**Problem**. Beginning at the line that contains "Natural hand wash", reproduce the entries below exactly, ending with the line that contains "Exciting winter coloring". Omit each picture.

BEGIN Material for this task

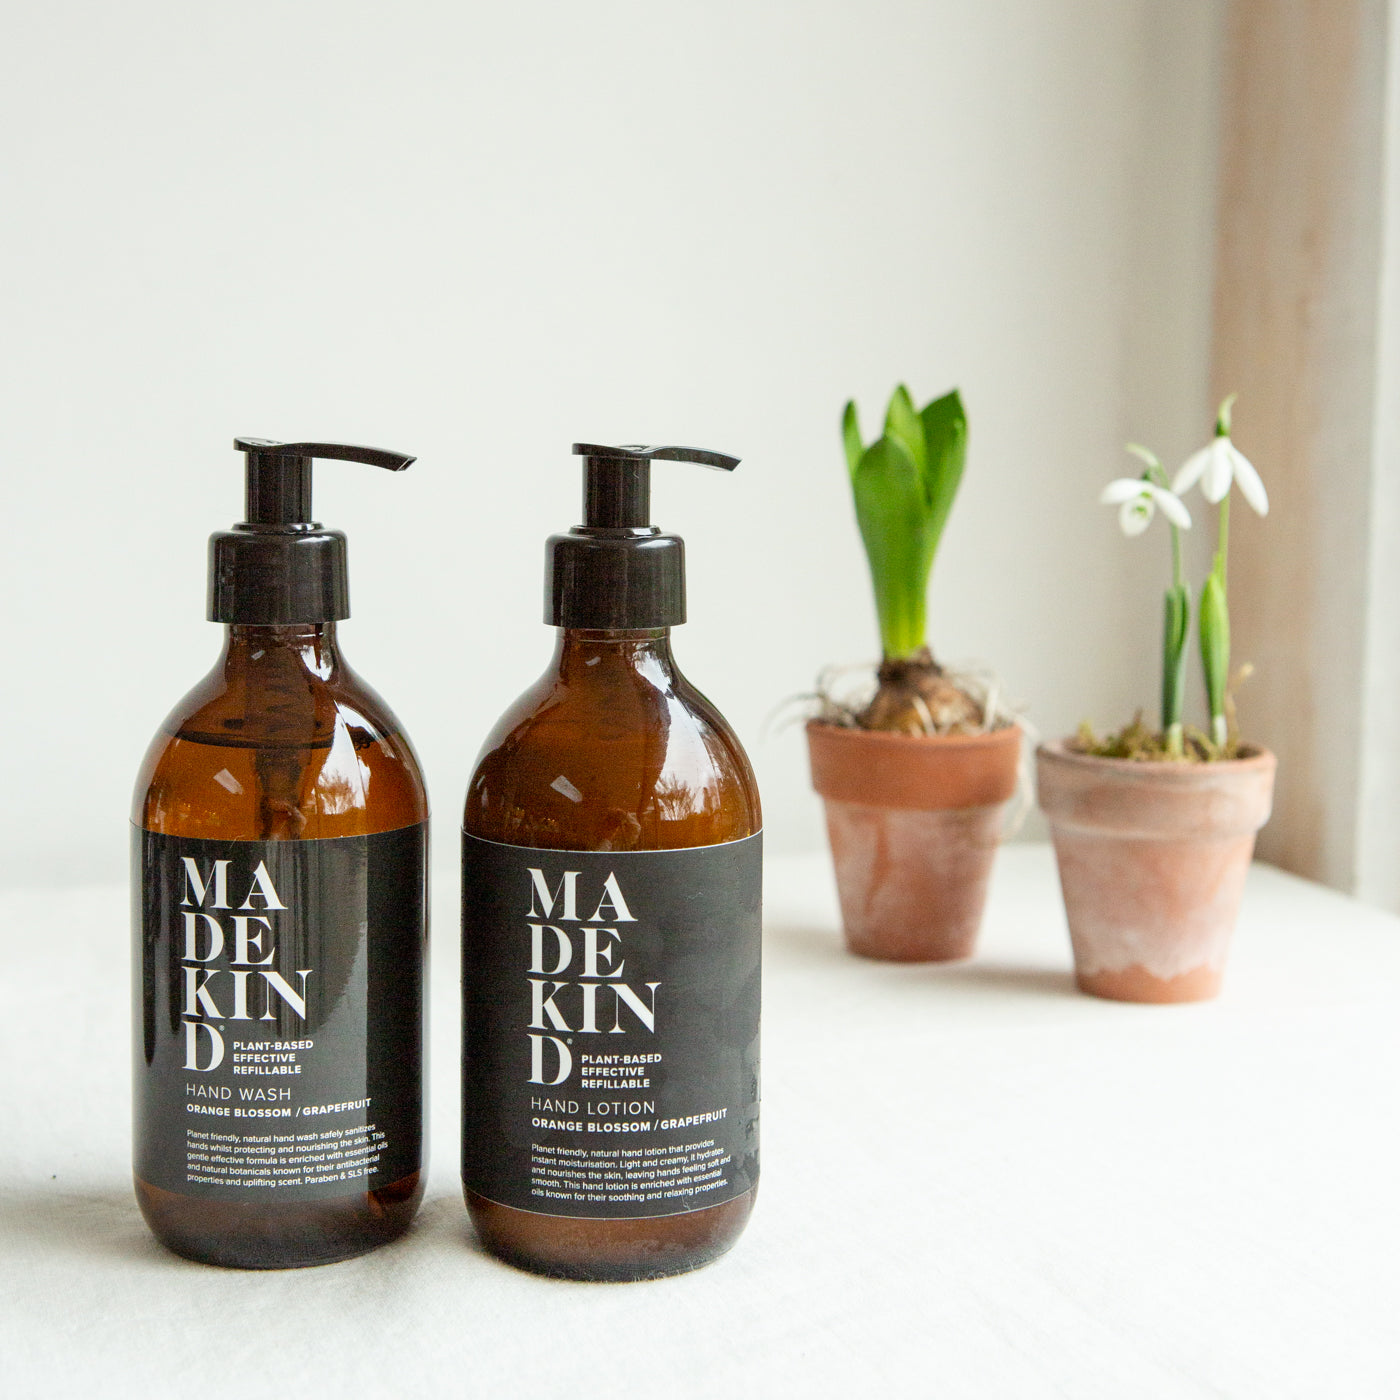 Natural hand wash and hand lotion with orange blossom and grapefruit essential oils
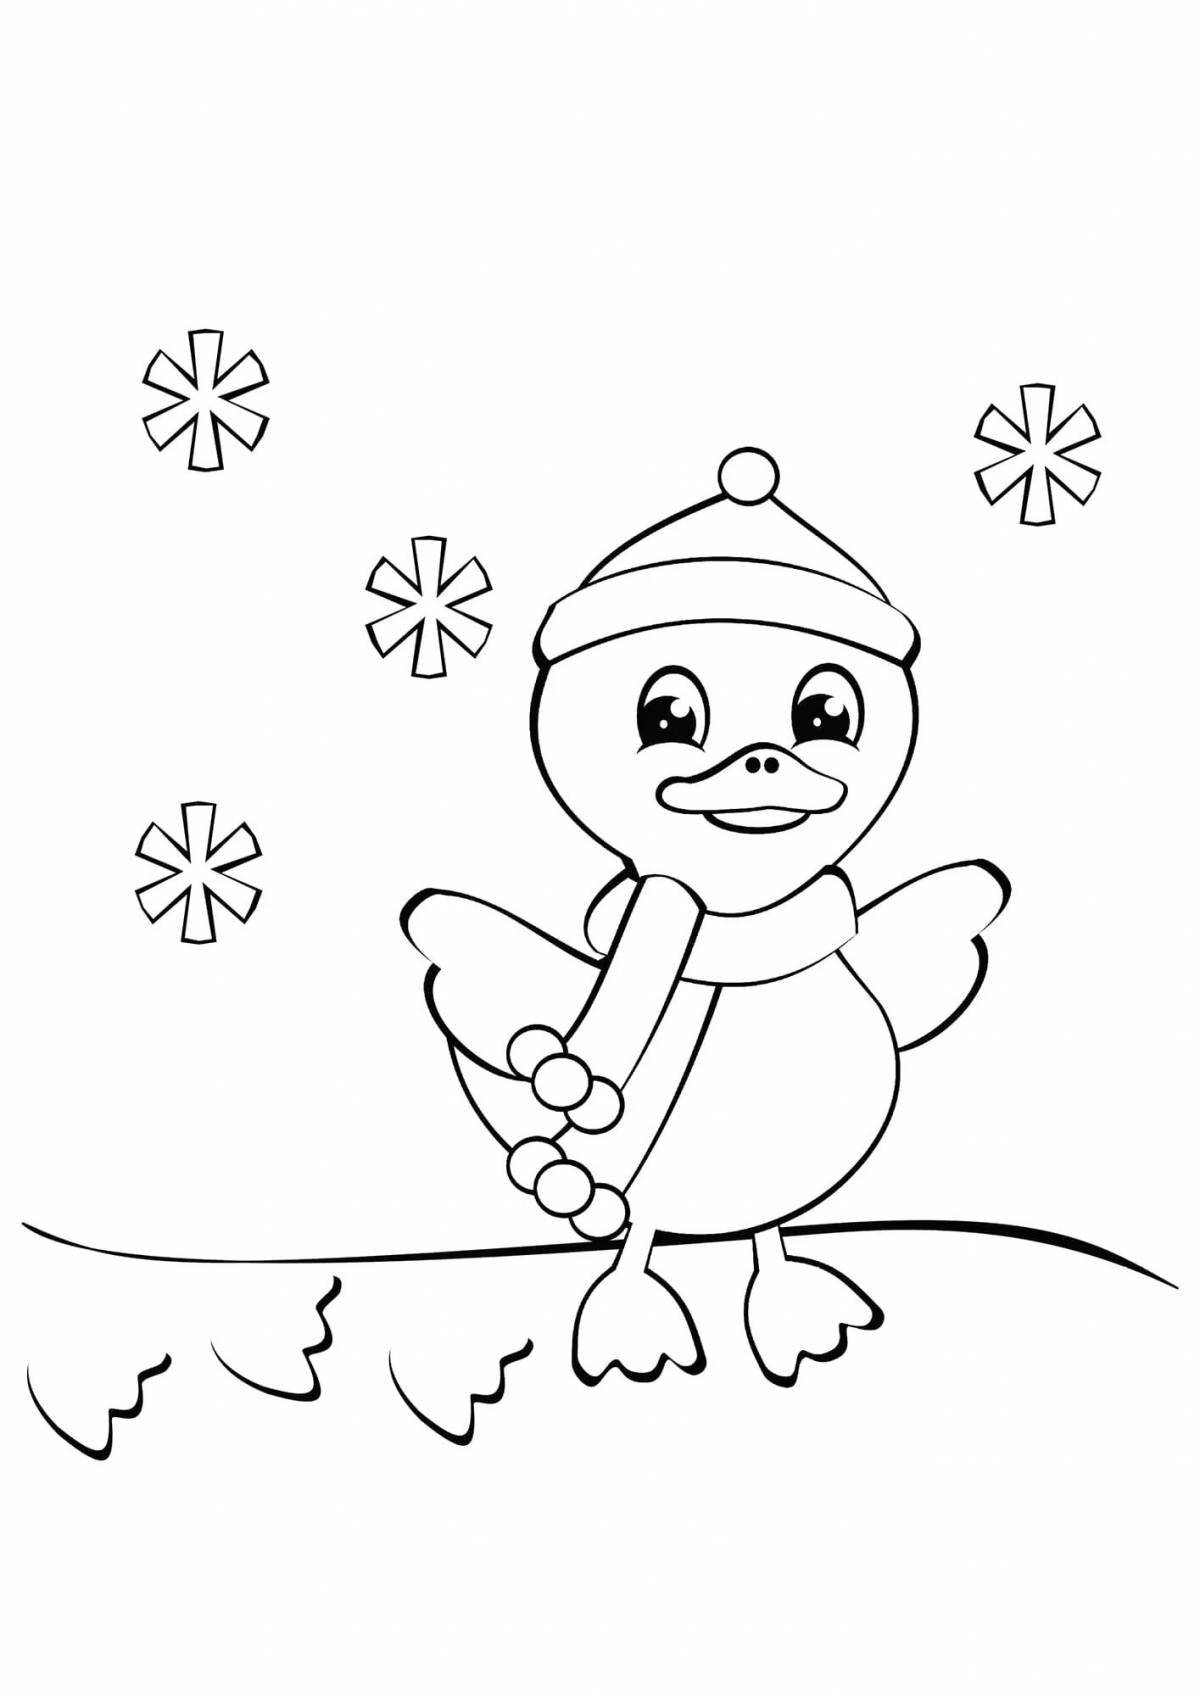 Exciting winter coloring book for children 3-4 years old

END Material for this task
BEGIN Material for this task

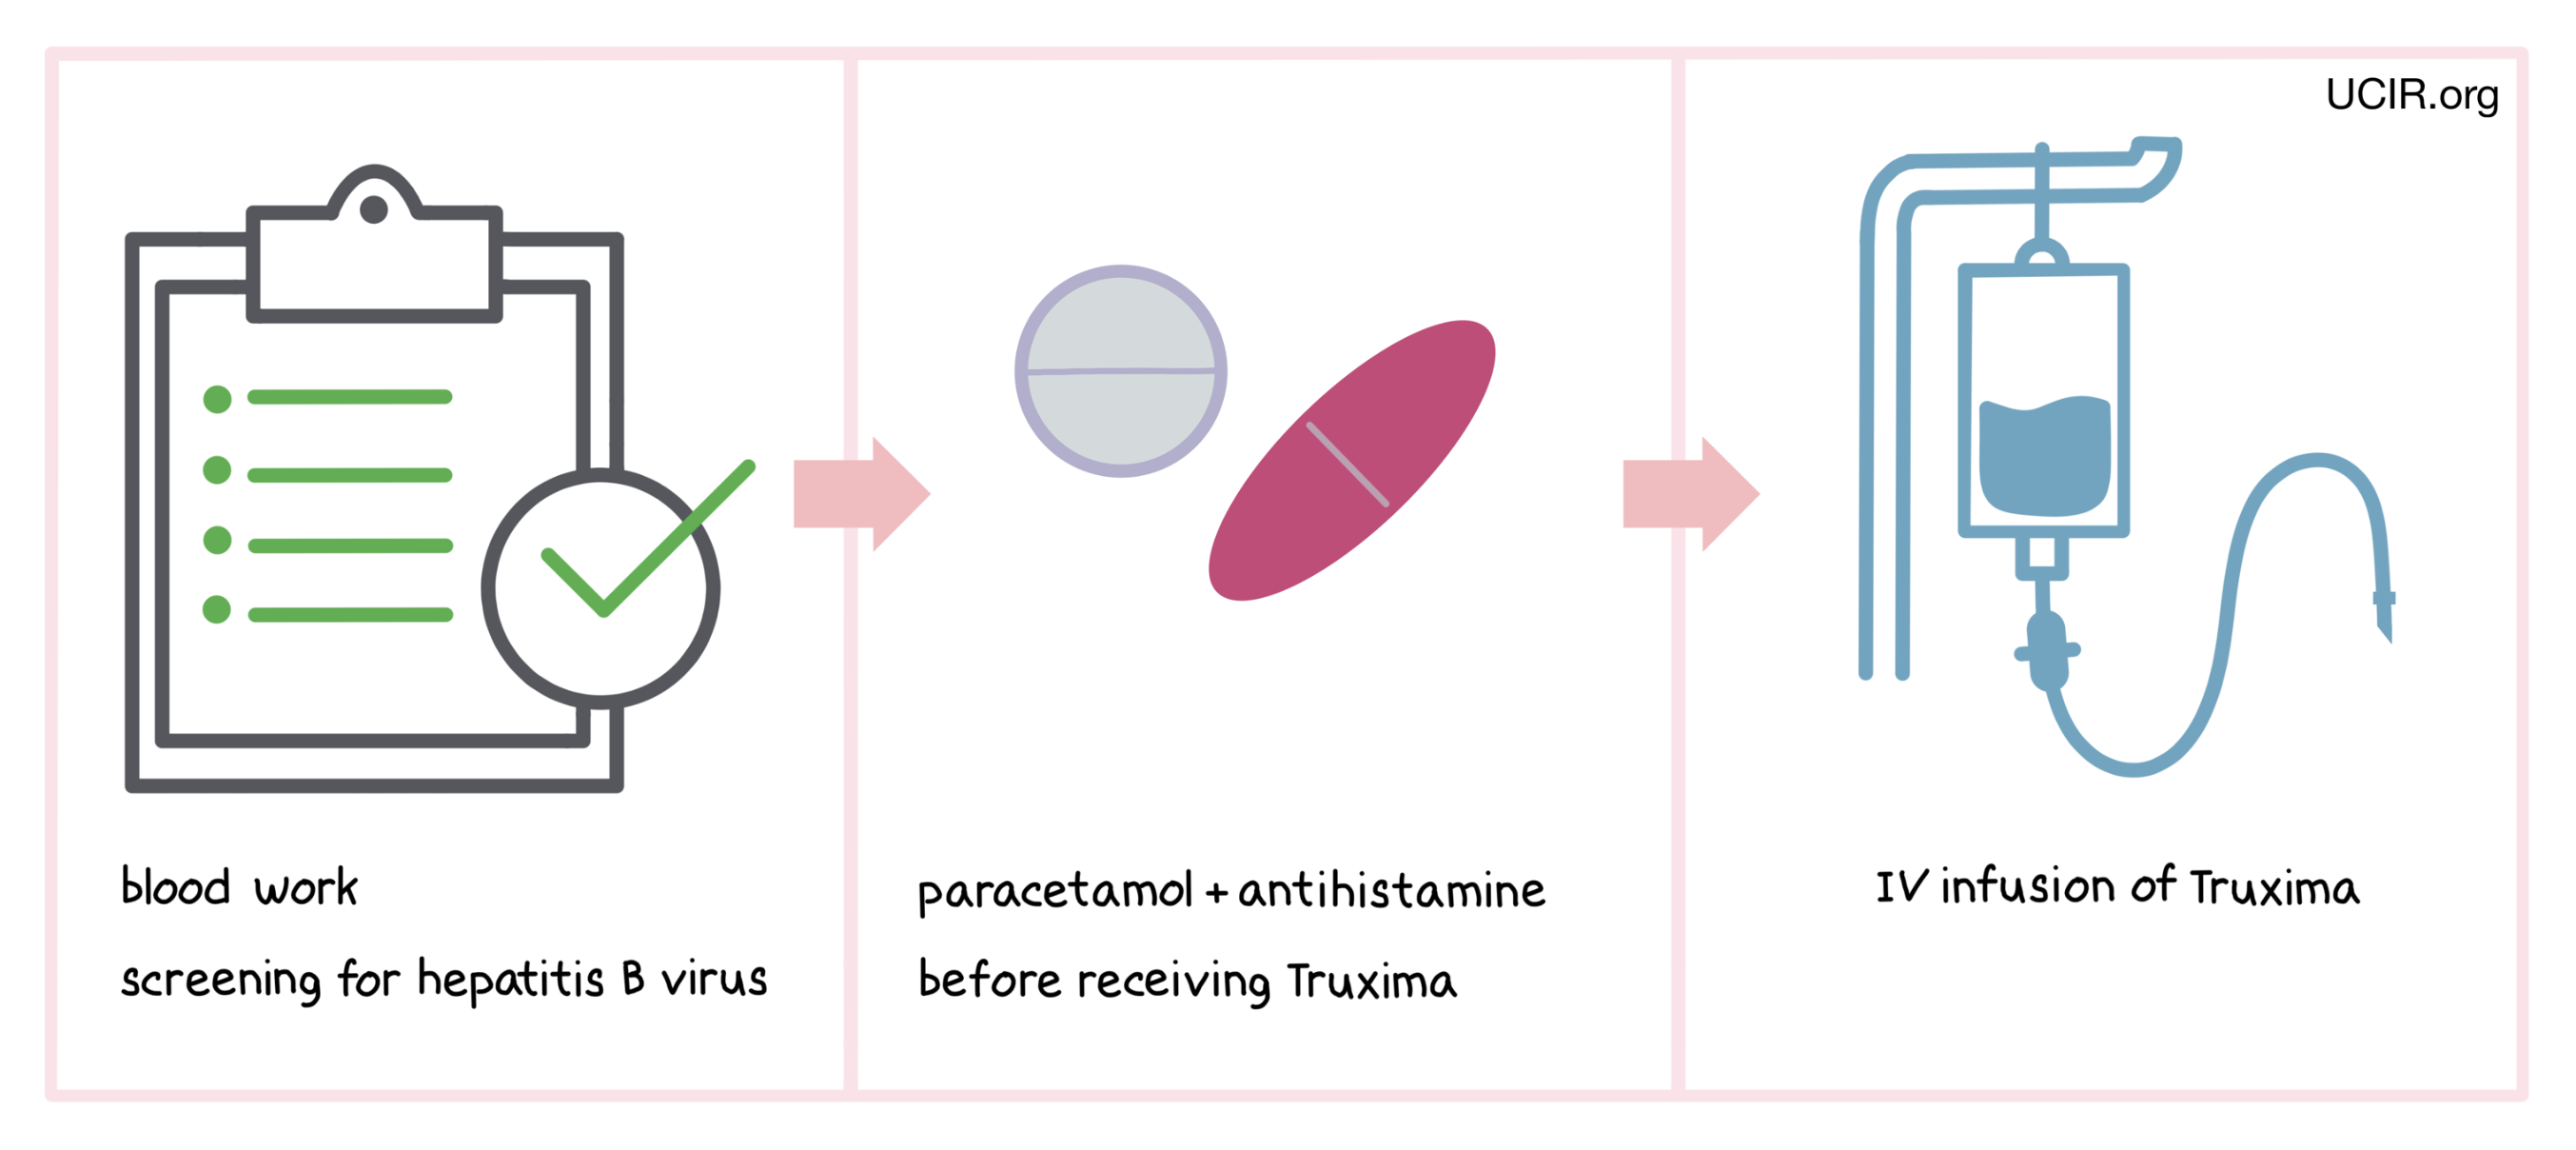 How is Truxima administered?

END Material for this task

**Task result**.
 Natural hand wash and hand lotion with orange blossom and grapefruit essential oils
 Exciting winter coloring book for children 3-4 years old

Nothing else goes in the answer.